In my boating books from the 1900's, oars were a important part to work well with the boat design. Oars were constructed to work with the design. In addition, rowing technique as mentioned by Kurt and Robb are an integral part of making everything work well.

However, it seems the oars that are being used (with the exception of Brad Dimock), are production oars. The oar maker produces a standard set of oar sizes with the intention that one pair fits the drift boat owners needs. From the looks of my Barkley Sound oars, it seems the shots were turned on a lathe to give a uniform diameter and the blades required a different technique to construct. In the books, the oar design shows features such as square section above oar lock and diamond section between oar lock and blade to achieve lightness and stiffness in a given direction.

Has anyone altered the shape or design of production oars to meet their needs? If so, what did you do?

When considering my fly rods, I could use a 7-wt to catch many of the fish, but the pleasure of delicate casting is lost when catchin fishing in the 12-inch range. It seems the oars have been adapted to special needs in the past and could be presently.

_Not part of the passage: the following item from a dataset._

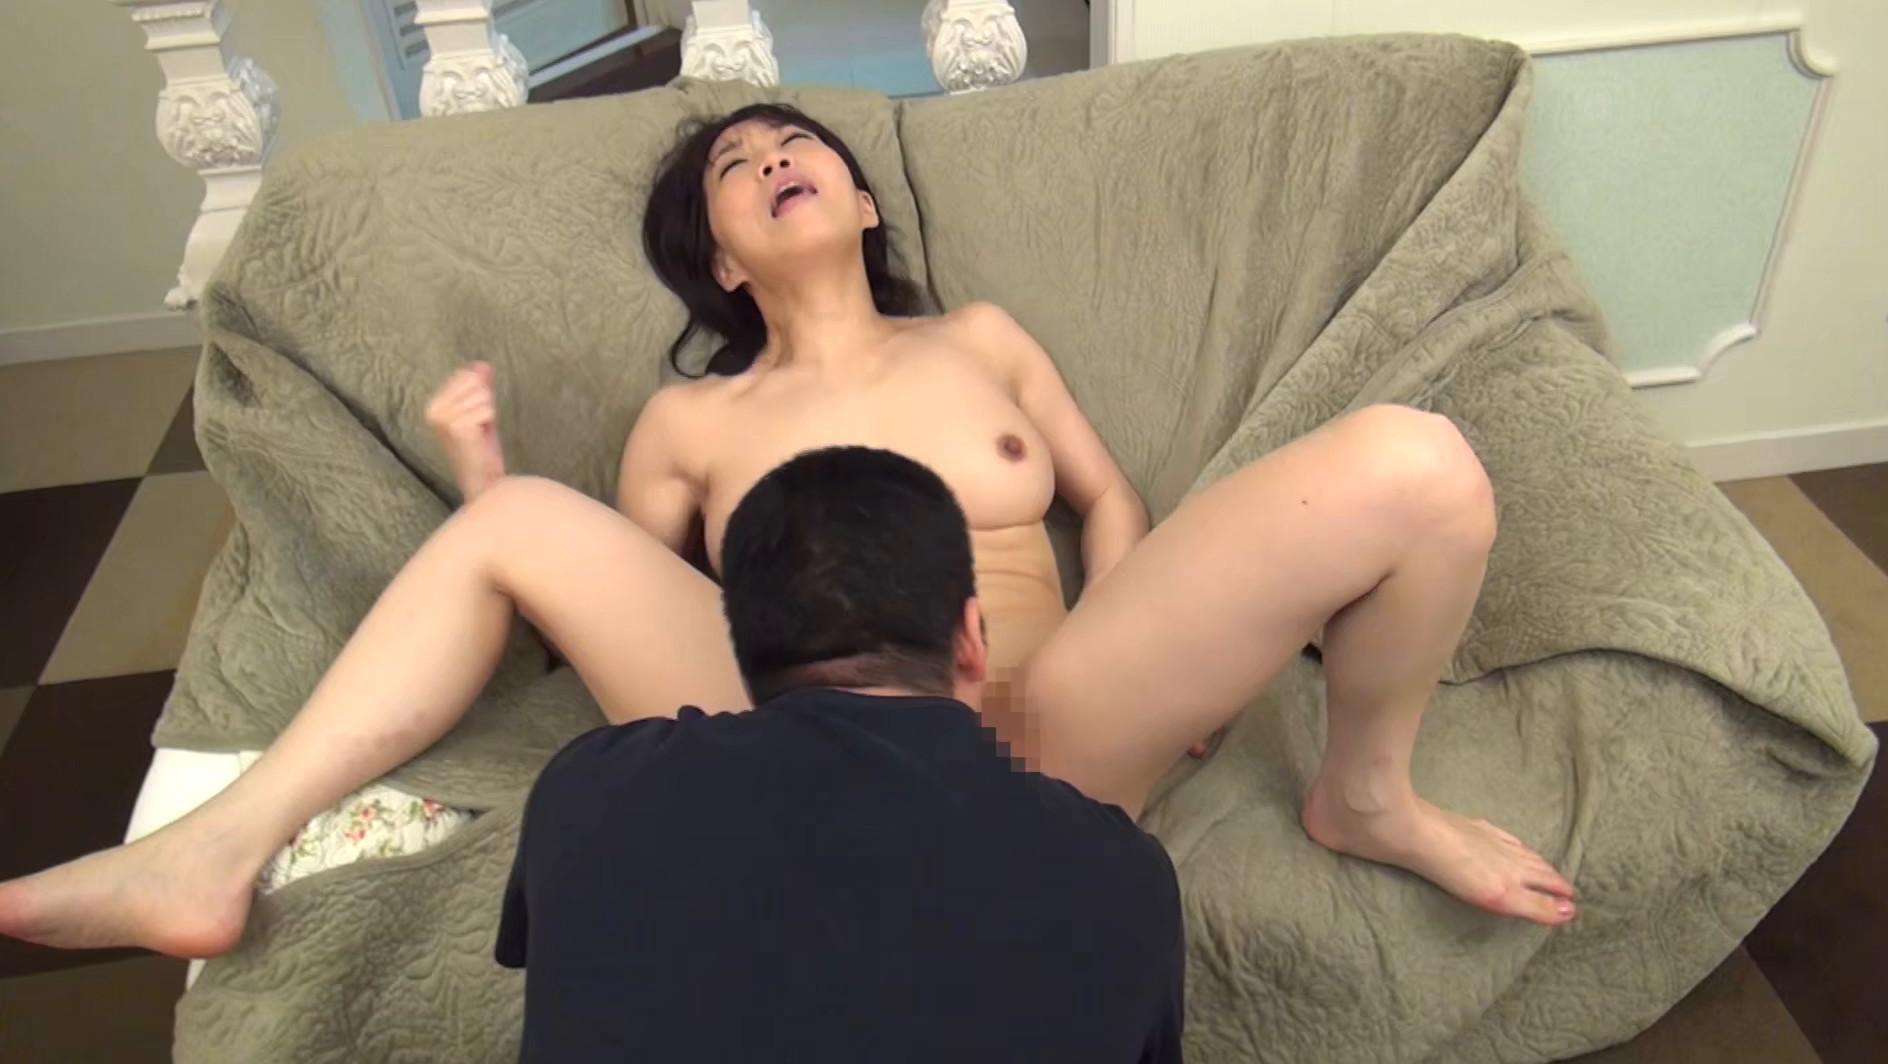 【四十路】応募素人妻 美奈子さん 46歳,のサンプル画像5

Rick, the trip back was fun. We zig zagged east and west so that we crossed our paths numerous times. We drove much of the length of the Klamath River from the mouth to Yreka. It wasn't a fast trip but showed an abundance of watershed.



Great to meet you and your wife at the festival and put faces to names. Check out one of Brad's latest posts:



Hi David,
It was fun to meet a number of folks from the forum and enjoy the conversations. Of course, there was not time to meet them all, so that is a good reason to return next year.

There was a very strong temptation to attend Brad's workshop, but the time and travel budget was already tight for that month. It was nice to see some of the steps Brad and his friends used to make the oars easier to use.

The friend who built the 2.9 pound guide boats oars would have some suggestions to shape my stock Barkley Sound oars. I will be in his neighborhood next week. Maybe he is available to give some suggestions.

Digital chat until we get together in person, David.